La présidence de Joe Biden demeurera marquée du sceau de la tragédie. Car c’est bien une tragédie personnelle qui vient de se dénouer sous nos yeux, avec cette lettre aux Américains mise en ligne sur le réseau social X d’Elon Musk, le milliardaire désormais fanatique partisan de Trump.

Tragédie d’un homme rattrapé, comme tant de nos connaissances, par l’impuissance de la vieillesse. Tragédie d’un président au bilan solide, incapable de le défendre face à celui qui l’a tant combattu. Tragédie d’un politicien dont la vie entière d’élu a tourné autour du pouvoir, de l’exercice de celui-ci, et autour de la continuité de l’État.

Cette tragédie ne doit pas, néanmoins, nous empêcher d’y voir clair sur les buts de l’attentisme du «vieux Joe», qui aura 82 ans le 20 novembre, quinze jours seulement après l’élection présidentielle américaine, alors que s’achèvera son séjour à la Maison-Blanche. Vieux routier de la politique, expert en manœuvres au Congrès après avoir siégé sans interruption comme sénateur du Delaware depuis 1972, Joe Biden a calculé.
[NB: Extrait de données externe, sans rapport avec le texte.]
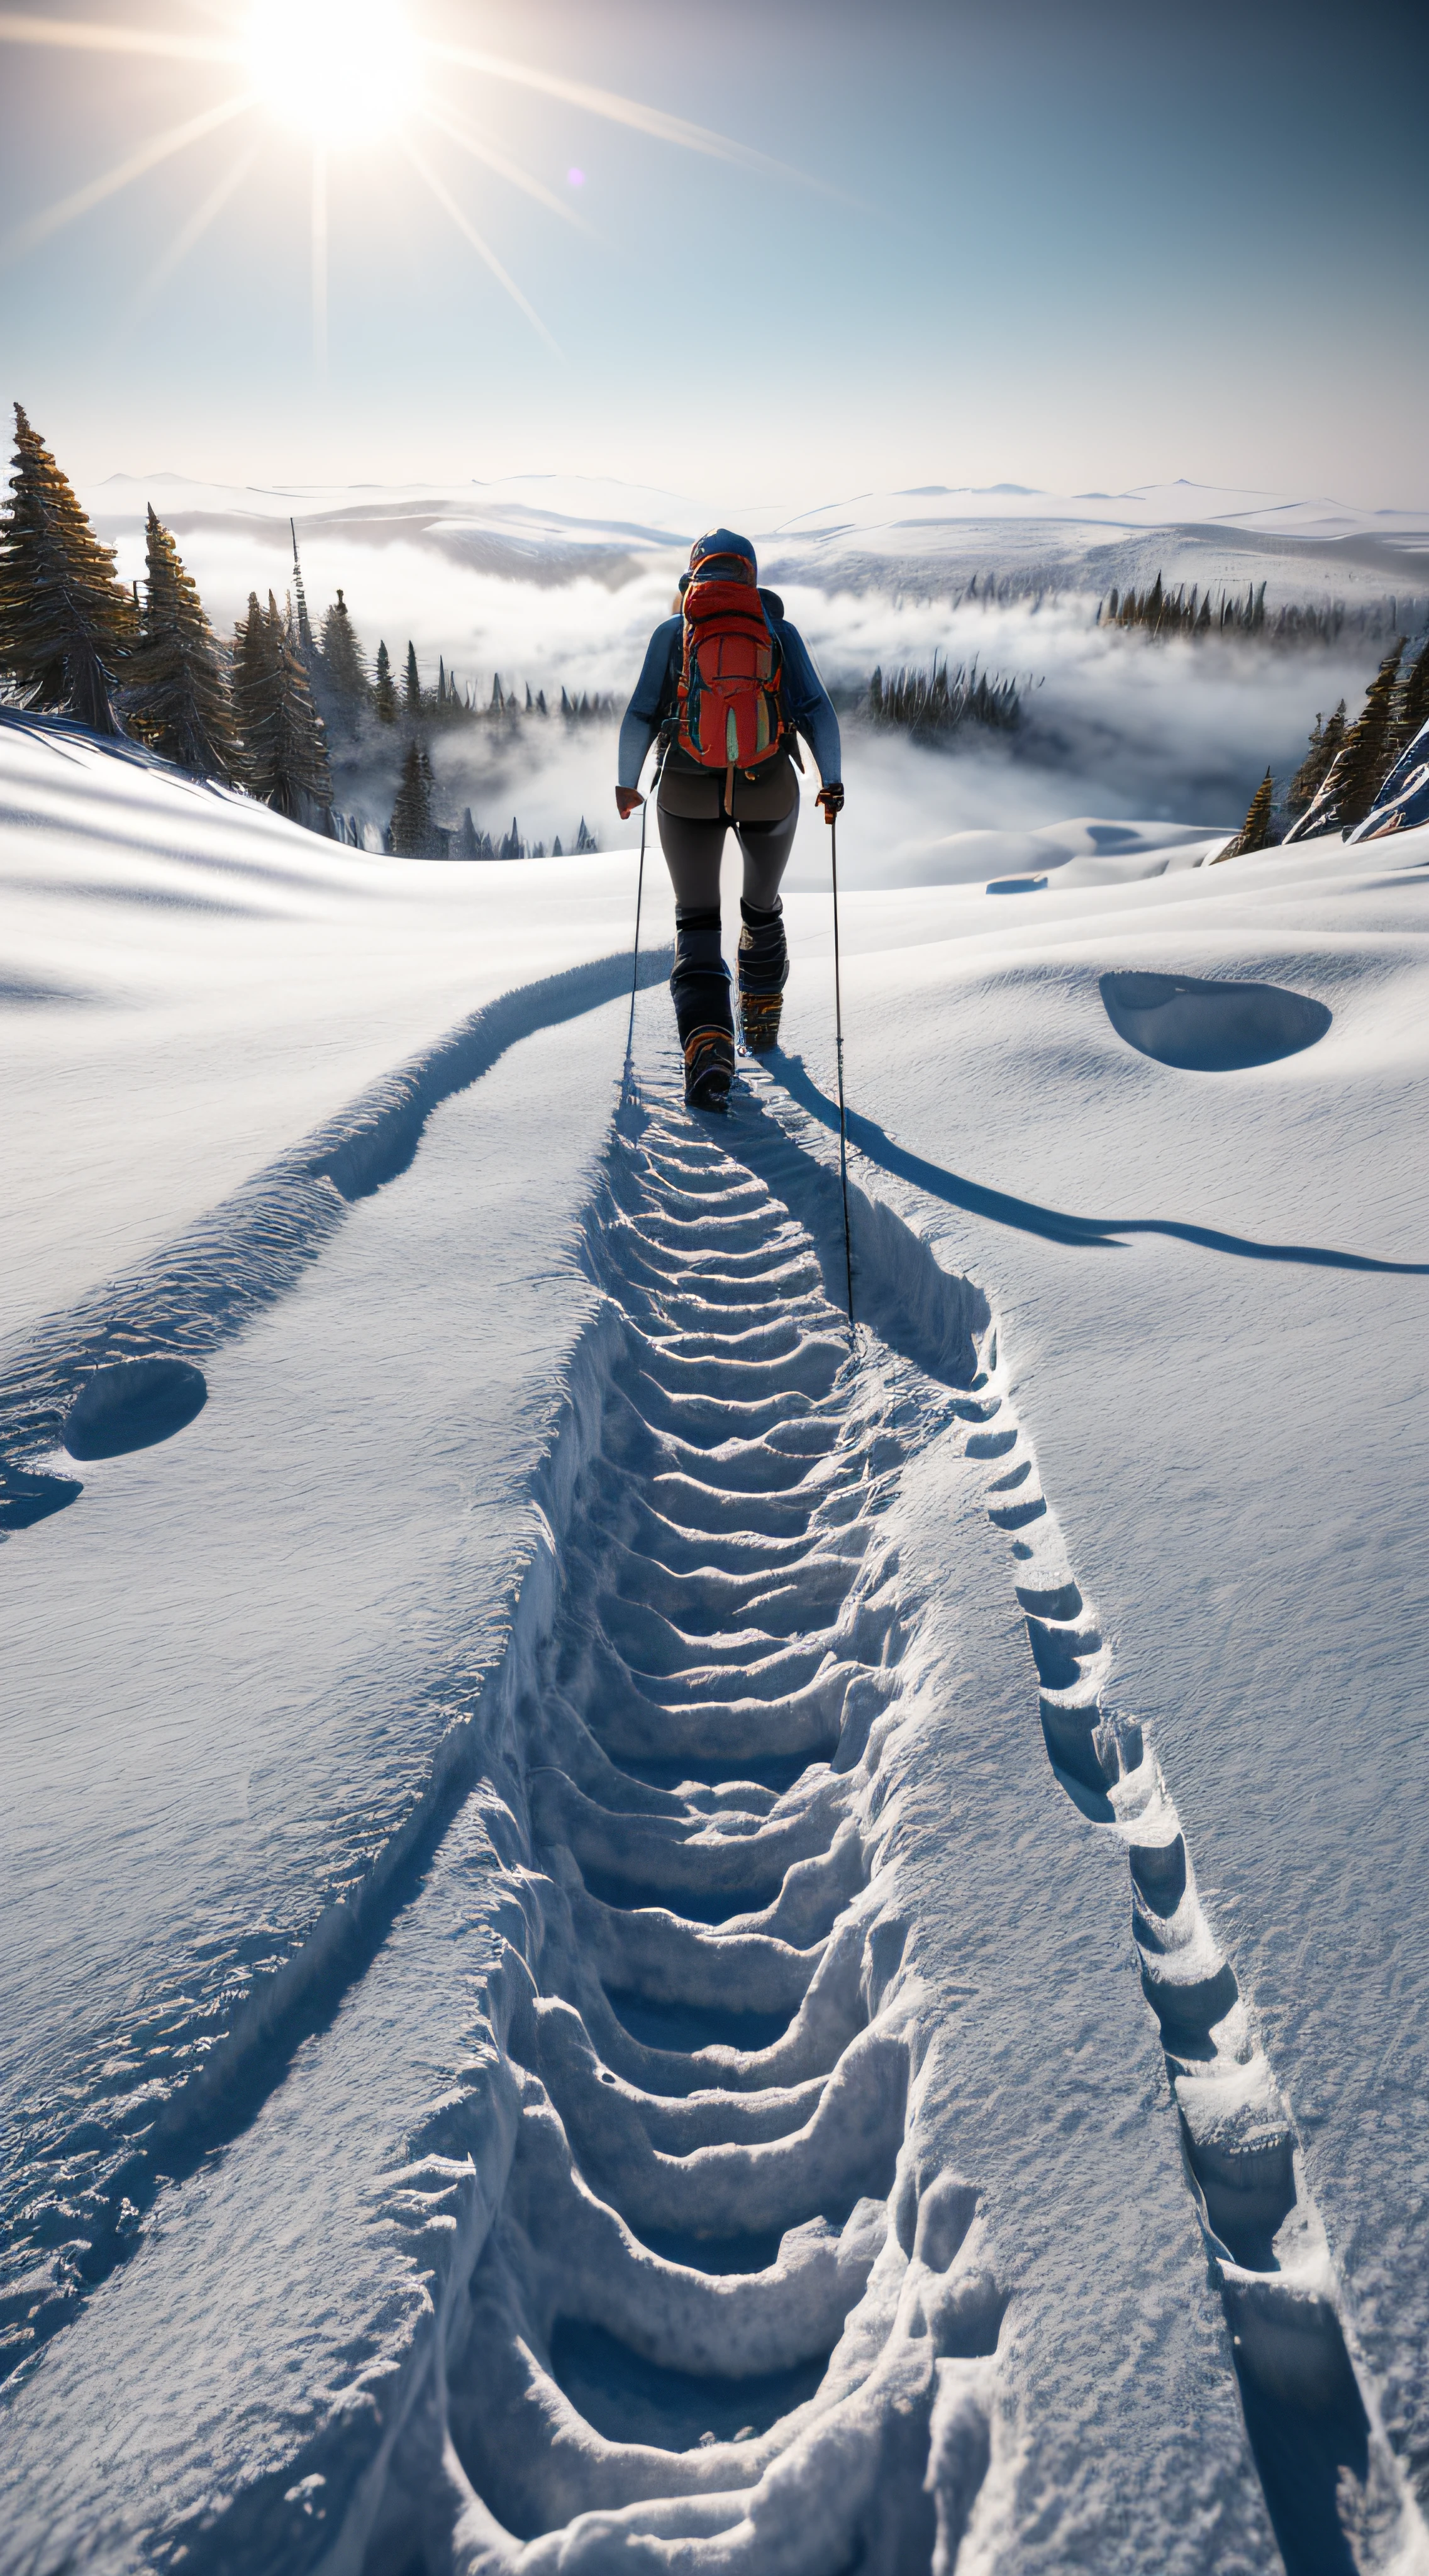 (Obra-prima 8k, melhor qualidade:1.2) Alpinista caminhando até uma montanha, Abismo congelado, avalanche distante, Nevado, frio, nebuloso e nebuloso, dia nublado, traçado de raio, detalhado, rochas e gelo, ice crevasse, textura épica da neve, (Pegadas na neve:1.2), quixel megascan, dispersão subterrânea, iluminação volumétrica, rastreamento de raios,

Fin de la convention Républicaine

Il a attendu la fin de la convention républicaine de Milwaukee et le choix comme colistier du Sénateur de l’Ohio J. D. Vance, très anti-féministe, pour tirer les conséquences de la force phénoménale de Donald Trump. Il a aussi, à n’en pas douter, attendu que les futurs stratèges embauchés pour la campagne de Kamala Harris lui donnent leur feu vert.

Kamala Harris reste une candidate par défaut, et cela lui collera sans doute à la peau. Mais elle a certainement passé ces dernières semaines à peaufiner son entrée en lice, et à préparer ses attaques contre Donald Trump. Il lui fallait du temps pour qu’en bonne procureure qu’elle est, elle parvienne à «monter son dossier».

Course à la présidence

Joe Biden a aussi, par son retard à quitter la course pour la présidence, joué un rôle de paratonnerre. C’est sur lui que Donald Trump a lancé les attaques les plus virulentes. C’est au contraste avec un Biden vieillissant et très affaibli que Trump, 78 ans, doit d’apparaître si fort et si prêt à réussir l’impossible et l’impensable: un retour victorieux à la Maison-Blanche après avoir été battu en 2020. Or voici aujourd’hui l’ex-promoteur new-yorkais contraint de changer brusquement de cap.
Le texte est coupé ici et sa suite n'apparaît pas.